#  > > >  >  > Форум >  > > >  >  > Лингвистический форум >  > > >  >  > Лингвистический форум >  > > >  >  > Русский язык, пишем грамотно >  > > >  >  >  А она всё распогаживаится и распогаживается... : )

## Юй Кан

Засомневался почему-то в правильных вариантах написания "сосредоточивать" или "сосредотачивать" и т.п. И, пошерстив Рунет, ничего нового не сыскал, кроме улыбнувшего вот такого:

" - Как погода?
- С утра не очень была, а сейчас распогаживается."

Так и хочется добавить: "Лишь бы вконец не распогадилась".
: )

----------

Говинда (16.12.2015), Чагна Дордже (16.12.2015)

----------


## Нико

> Засомневался почему-то в правильных вариантах написания "сосредоточивать" или "сосредотачивать" и т.п. И, пошерстив Рунет, ничего нового не сыскал, кроме улыбнувшего вот такого:
> 
> " - Как погода?
> - С утра не очень была, а сейчас распогаживается."
> 
> Так и хочется добавить: "Лишь бы вконец не распогадилась".
> : )


А зачем вдруг "сосредотачивать"? :Roll Eyes (Sarcastic):

----------

Фил (15.12.2015)

----------


## Юй Кан

> А зачем вдруг "сосредотачивать"?


В каком смысле "зачем", если было *надо*, мну, по работе/для дела?.. : ))

----------


## Нико

> В каком смысле "зачем", если было *надо*, мну, по работе/для дела?.. : ))

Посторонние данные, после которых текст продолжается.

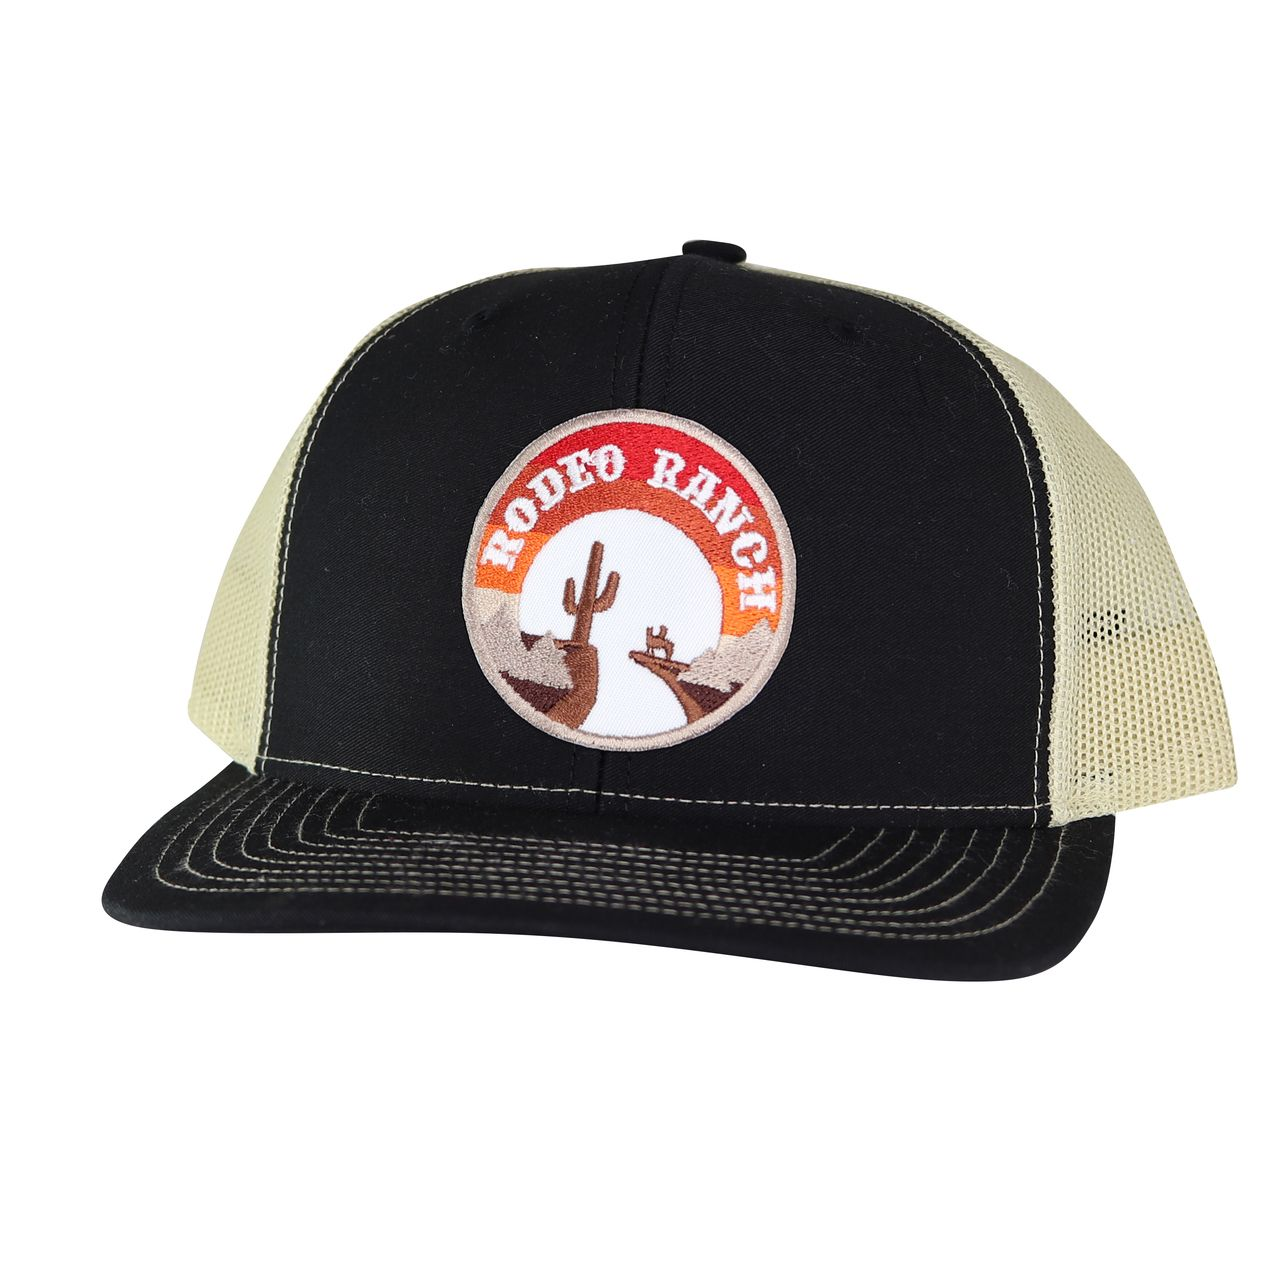 Rodeo Ranch Out West Hat - Black and Khaki

И каковы результаты "сосредотачивания", выданные Гуглем? )))

----------


## Юй Кан

> И каковы результаты "сосредотачивания", выданные Гуглем? )))

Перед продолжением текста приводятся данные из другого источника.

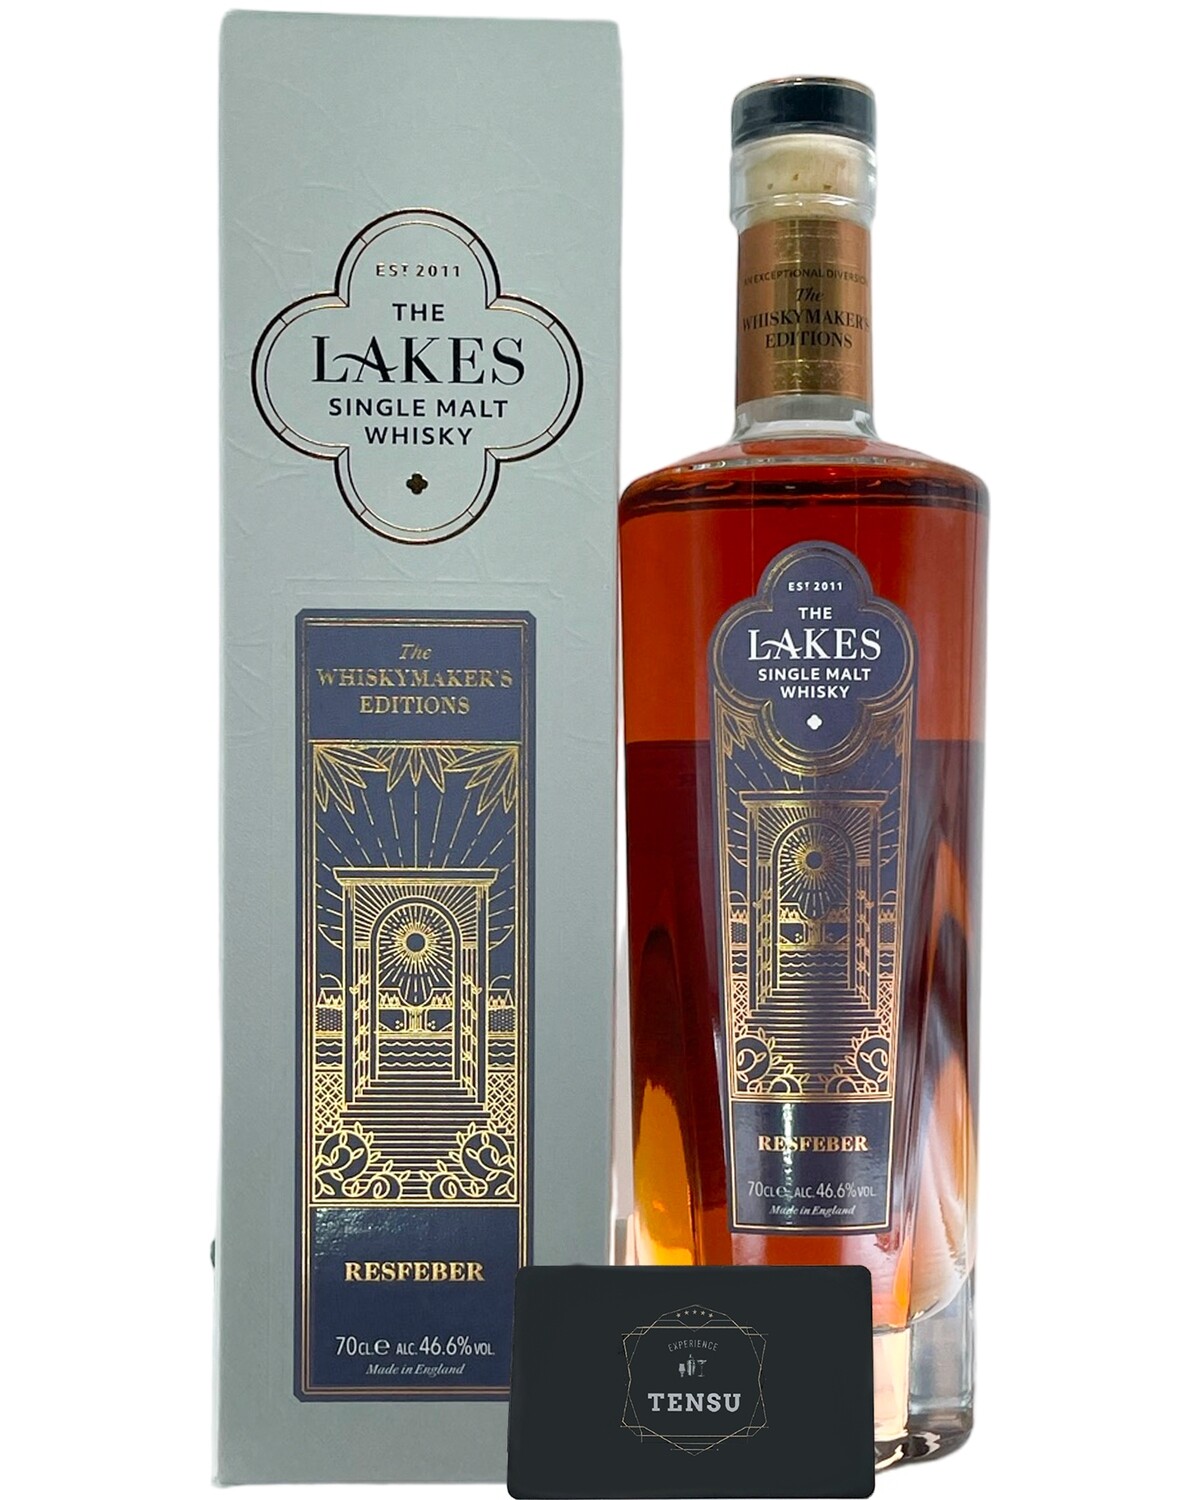 The Lakes - The Whiskymaker's Editions - Resfeber 46.6 "The Lakes Distillery"

Так сказал же: "Засомневался почему-то в правильных вариантах..."
То бишь, без разницы...
А детали всяких "потому, что" -- здесь: http://www.gramota.ru/forum/spravka/14659/
Там, вообще, много ещё более забавного, вроде "от-/про-срачивать" и т.п. : )

----------


## Нико

> Так сказал же: "Засомневался почему-то в правильных вариантах..."
> То бишь, без разницы...
> А детали всяких "потому, что" -- здесь: http://www.gramota.ru/forum/spravka/14659/
> Там, вообще, много ещё более забавного, вроде "от-/про-срачивать" и т.п. : )


Действительно забавно))).

----------